- [DATA PROVIDED]:
++++++

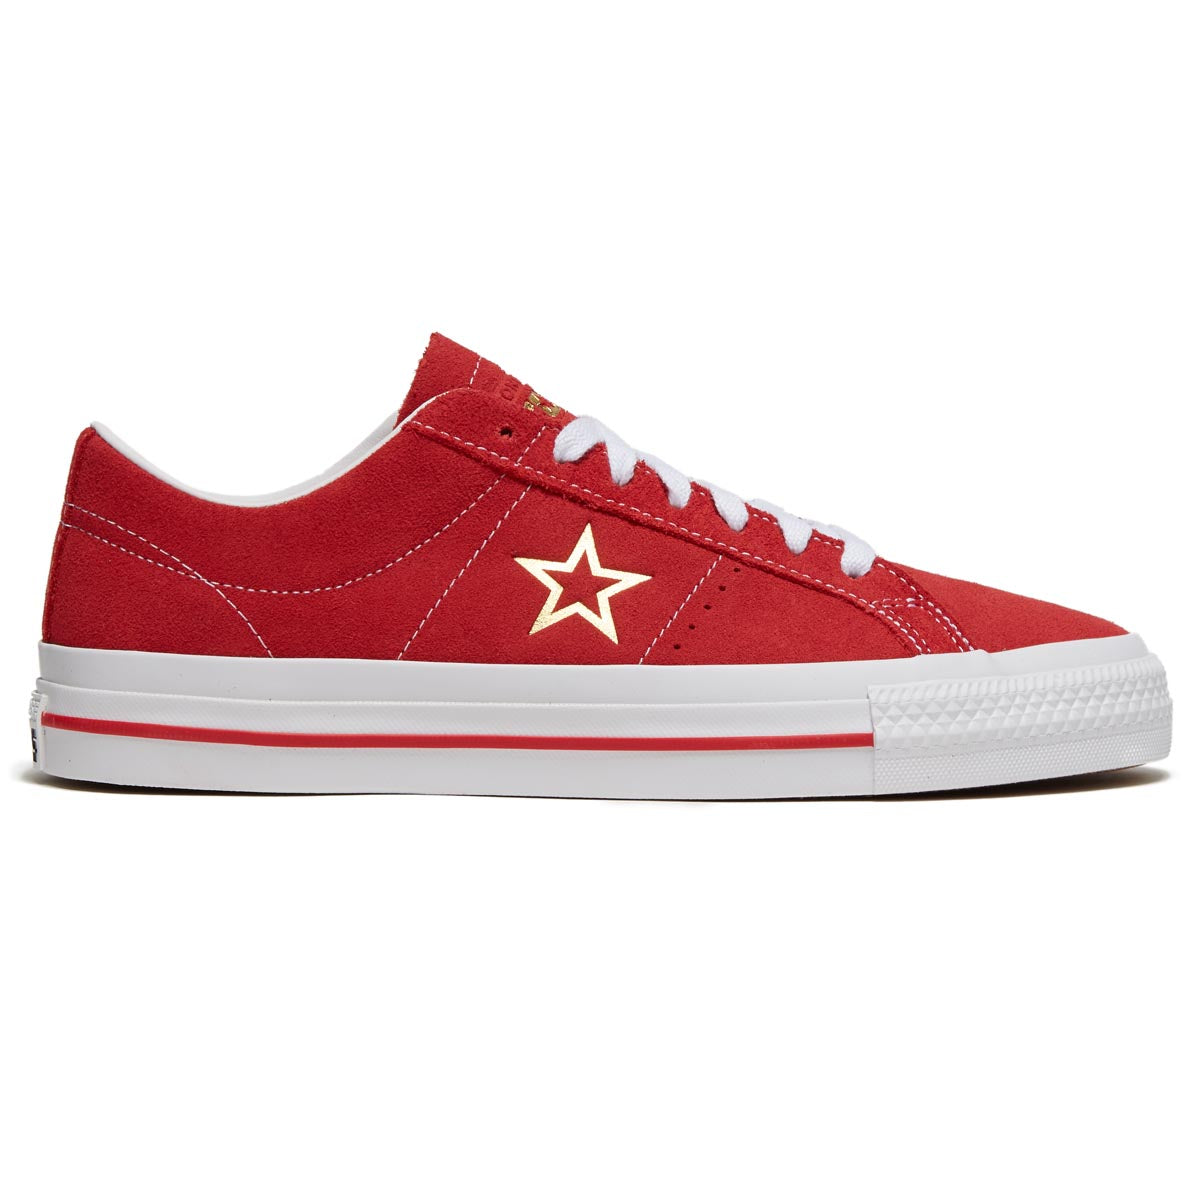 Converse One Star Pro Suede Ox Shoes - Varsity Red/White/Gold – CCS
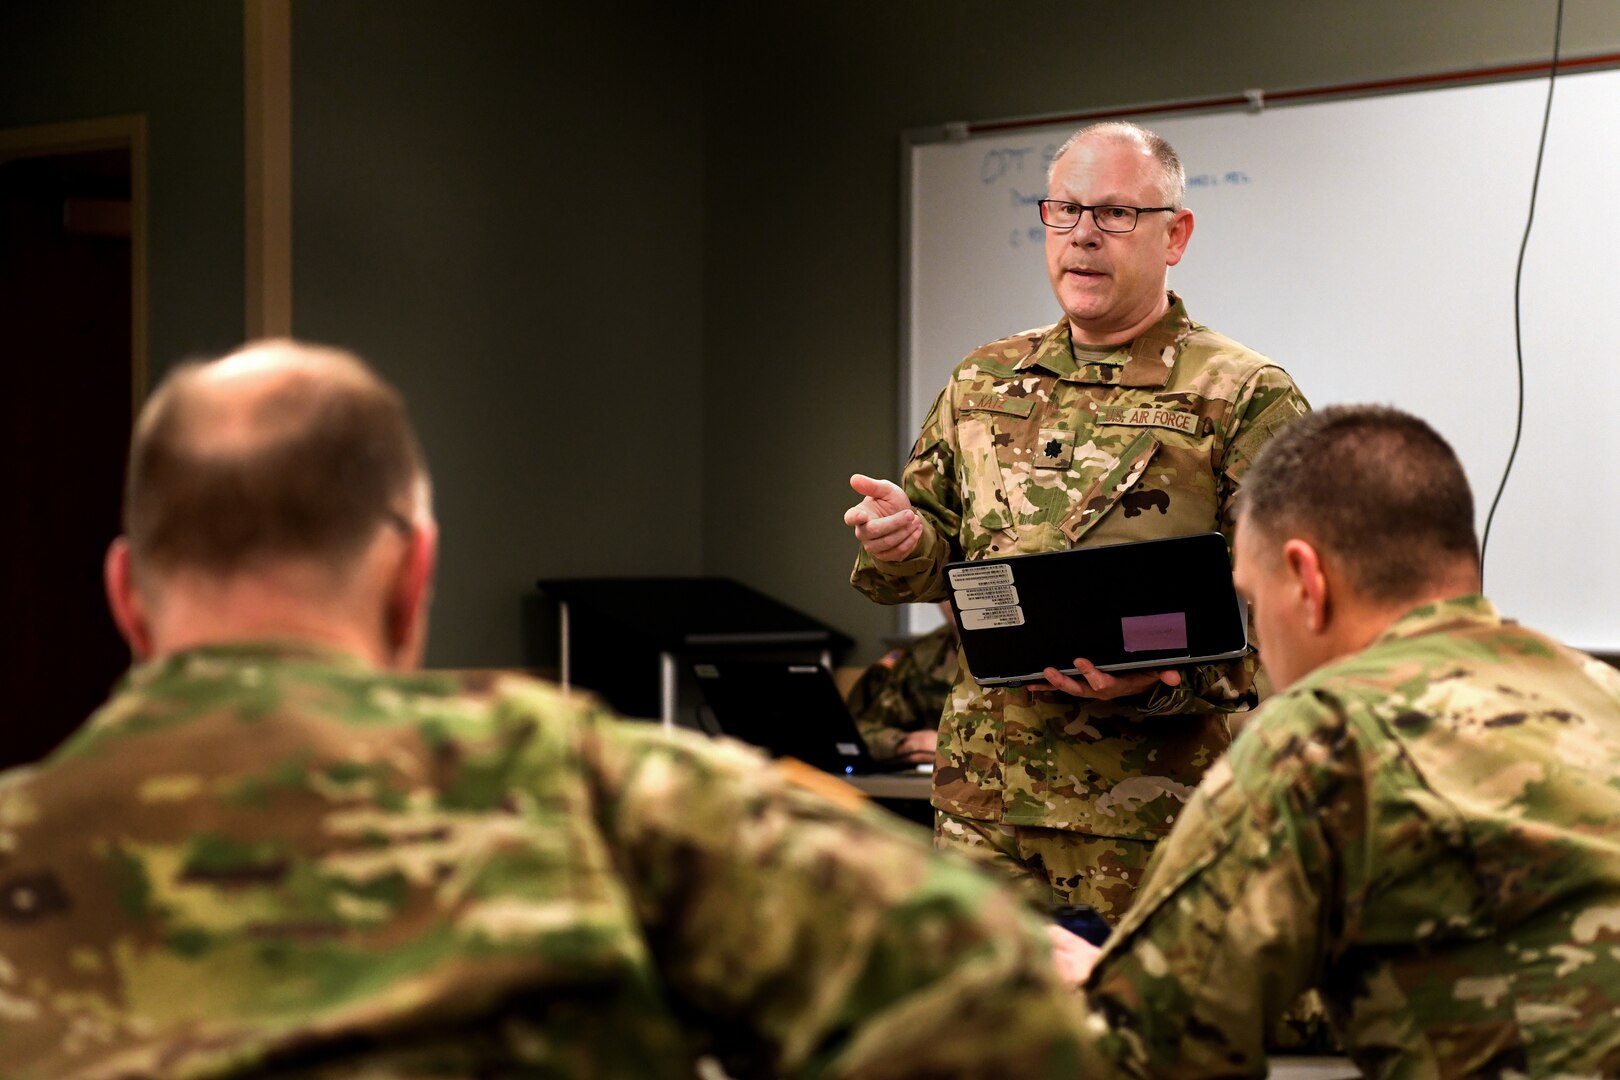 U.S. Air Force Lt. Col. Gary Katz, a flight surgeon assigned to the 178th Wing serving on Joint Task Force-37, briefs commanders March 23, 2020, at the Defense Supply Center in Columbus, Ohio. Katz is one of more than 400 members of the Ohio National Guard supporting food distribution at 12 locations across Ohio serving more than 11 million Ohioans in all 88 counties.
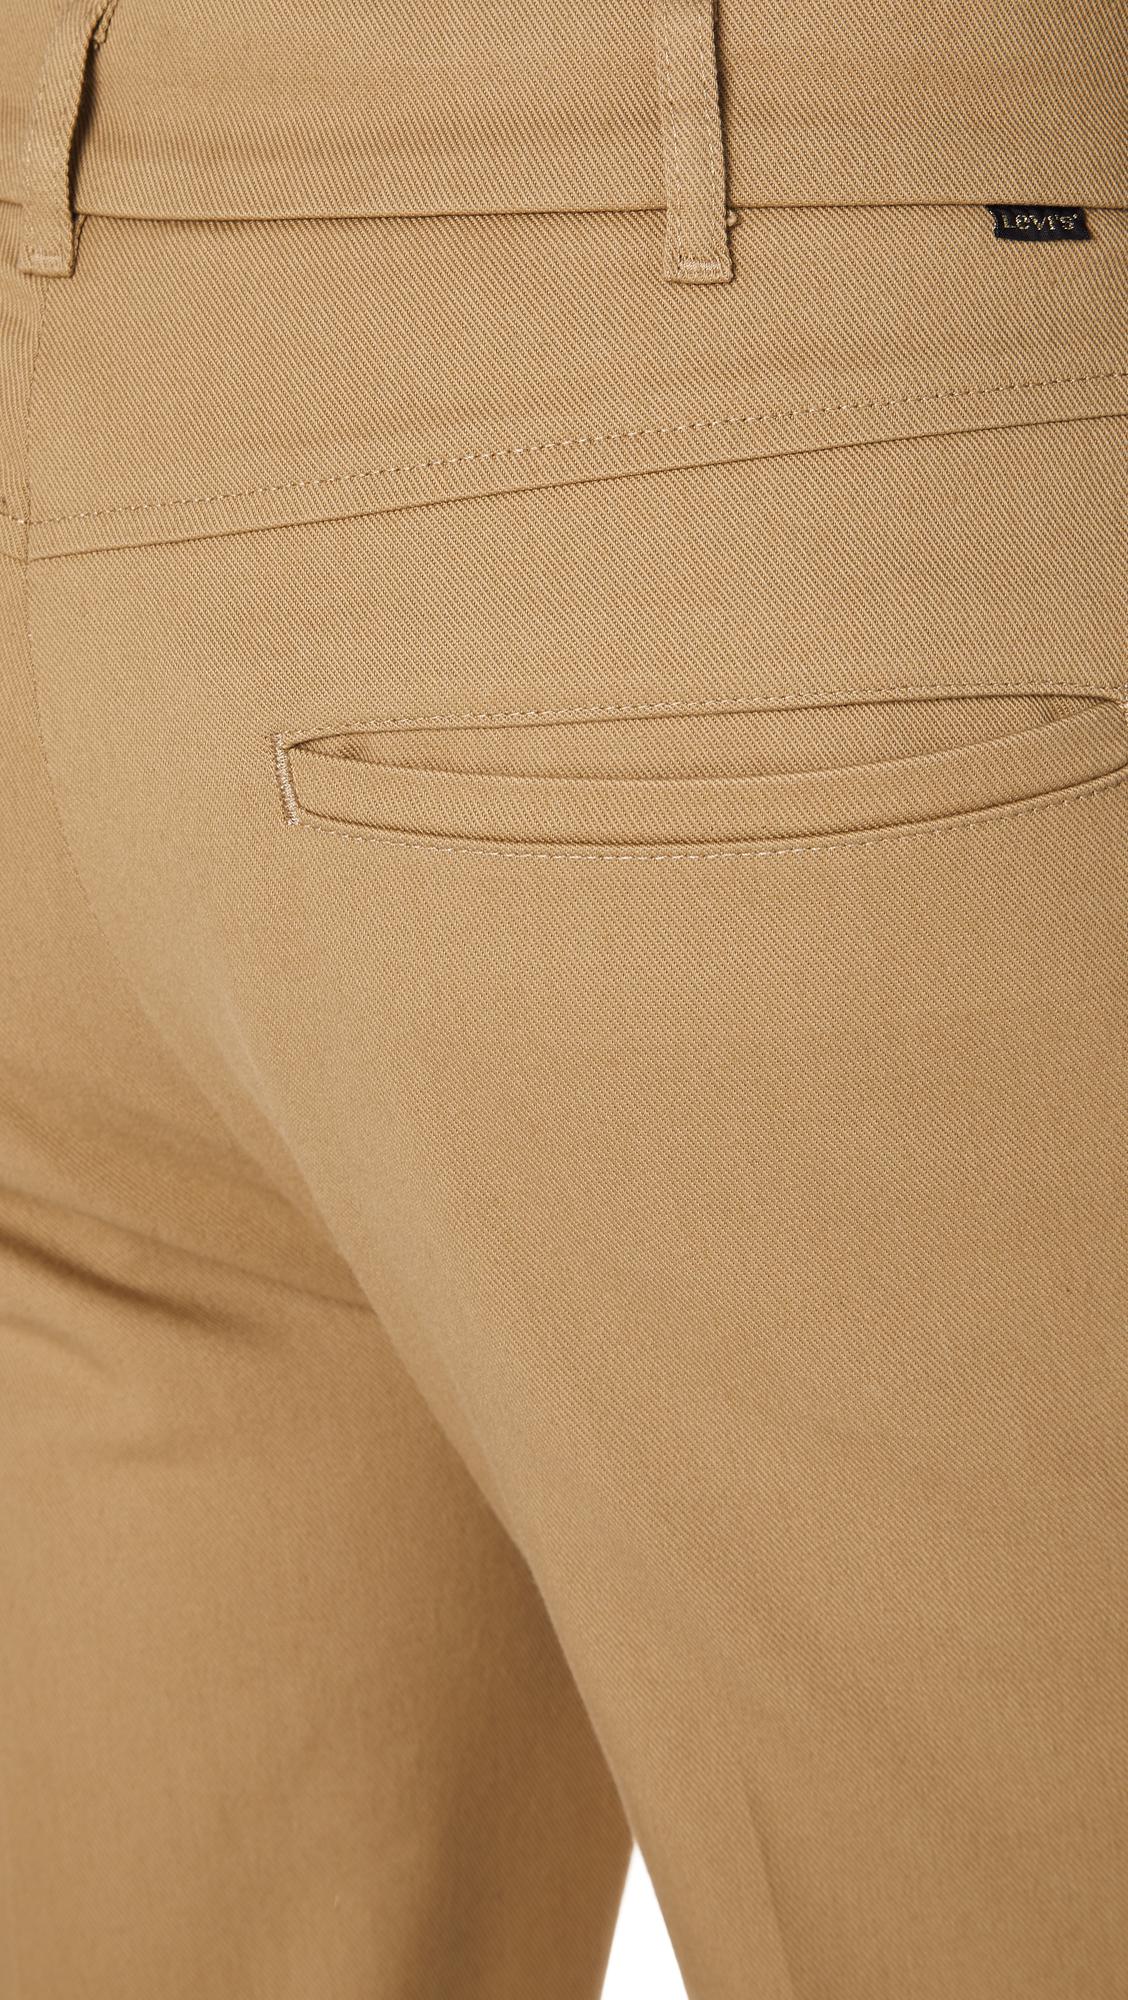 Levi's Cotton Sta Prest 502 Tapered Trousers in Khaki (Natural) for Men ...

++++++

- [WHAT YOU NEED TO DO]: Repeat the data word for word, excluding any image.

- [THE ANSWER]:
 Converse One Star Pro Suede Ox Shoes - Varsity Red/White/Gold – CCS
 U.S. Air Force Lt. Col. Gary Katz, a flight surgeon assigned to the 178th Wing serving on Joint Task Force-37, briefs commanders March 23, 2020, at the Defense Supply Center in Columbus, Ohio. Katz is one of more than 400 members of the Ohio National Guard supporting food distribution at 12 locations across Ohio serving more than 11 million Ohioans in all 88 counties.
 Levi's Cotton Sta Prest 502 Tapered Trousers in Khaki (Natural) for Men ...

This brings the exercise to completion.